Get eye level with animals and birdsYou have heard me say this over and over again. This is literally the best advise I can give you with regards to photographing birds and animals. Being at eye level with them creates opportunities to actually make eye contact with them. It connects the viewer with the animal. Somehow it places you there with the animal. It helps you to experience what the animal is experiencing better. It helps you to get a better background, which is super important. Yes, I have said all of these things before, but today, I am going to prove it! My wife and I were traveling in South Dakota when I spotted a colony (if that is what it is called) of Prairie Dogs. This was the first time in my life that I saw them. They are so cute. We stopped for a photography session with these little creatures. So here is a picture taken by my wife of a Prairie Dog. The image is taken from her eye level, standing as normal.
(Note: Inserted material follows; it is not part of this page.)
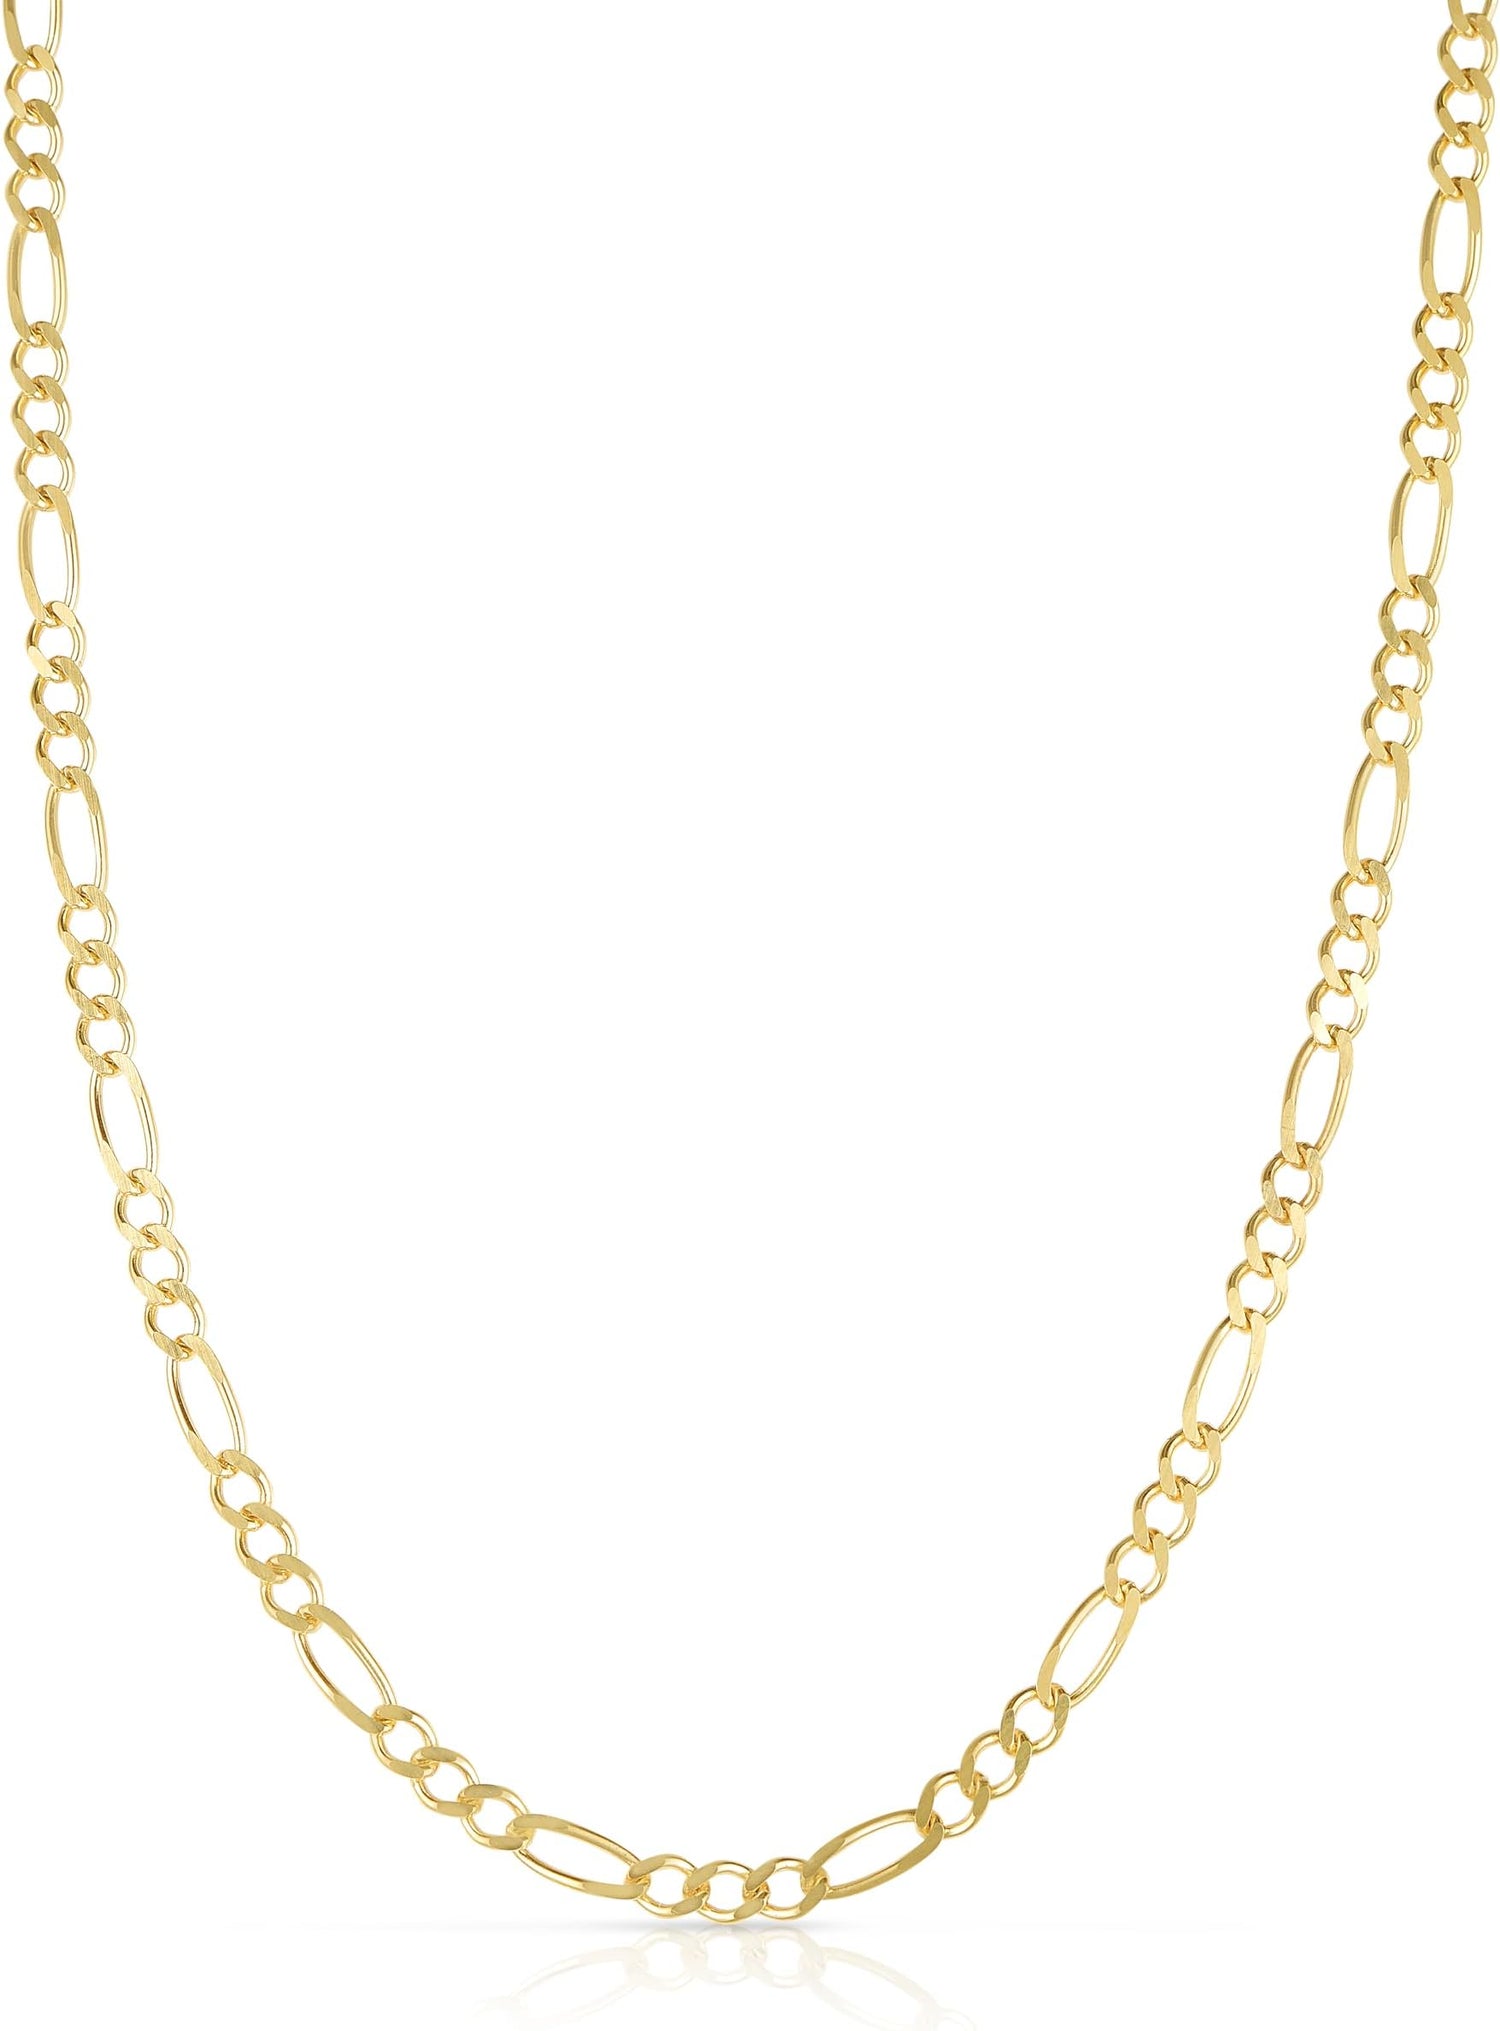 14k Yellow Gold or White Gold 2mm Solid Figaro Chain Necklace
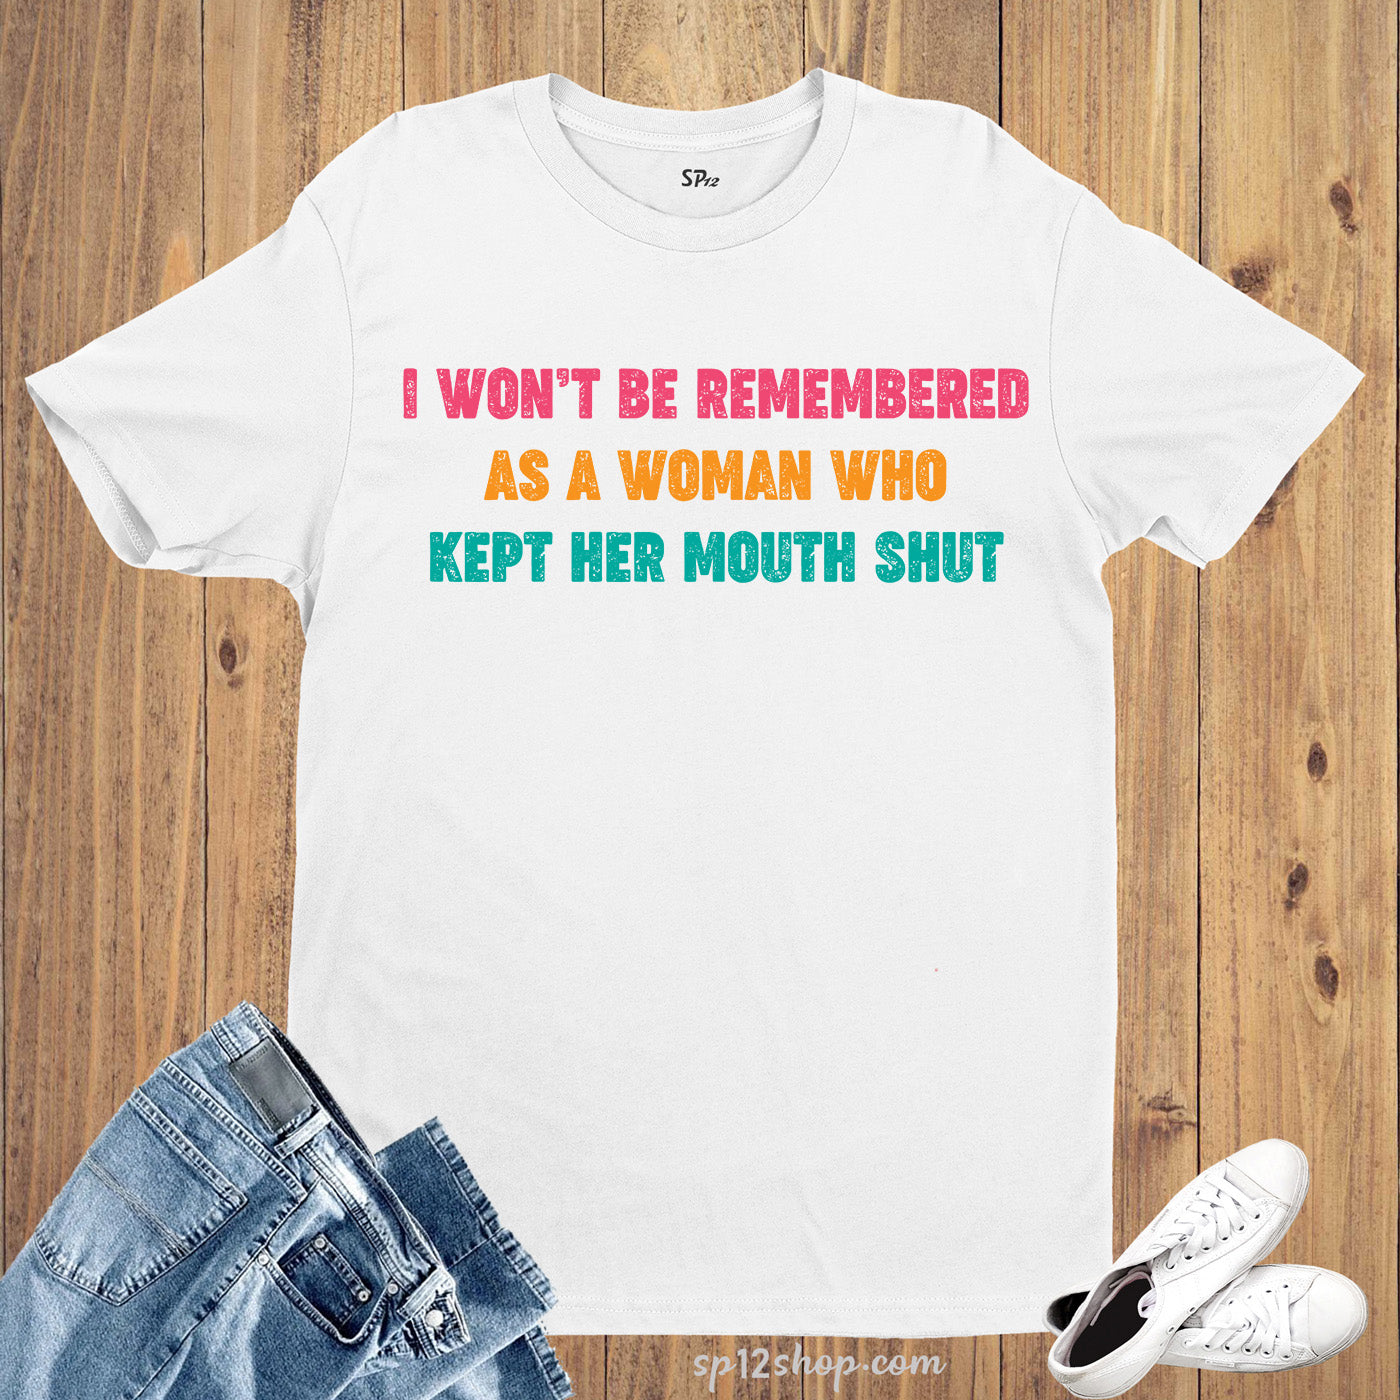 Feminist Shirts I Won't Be Remembered As A Woman Who Kept Her Mouth Shut Tees

Look at the background, pleasing? Do you feel like you are part of it's environment? Are you sharing it's experience? Are you connecting with this animal? Rather than standing to take this image from my eye level, this is how I photographed them.
Yes, I got dirty. The ground was soft from previous rain. I had mud and sand on me. But I wanted to get at their eye level for all of the reasons that I mentioned in the introduction of this blog. Did it pay off? Was it worth the discomfort, the sand and the mud? Does it really make that much of a difference? Look at the next images and decide for yourself.
Because the background is now way in the distance, rather than right behind the dog, shooting down from our height, we can blur it easily. This makes the animal stand out from the background. It makes the animal "pop." You can also use foliage right in front of your lens to blur the foreground. Thus both the foreground and the background is blurred. By the way, my wife is a good photographer. I asked her to take the image from her eye level to illustrate this point.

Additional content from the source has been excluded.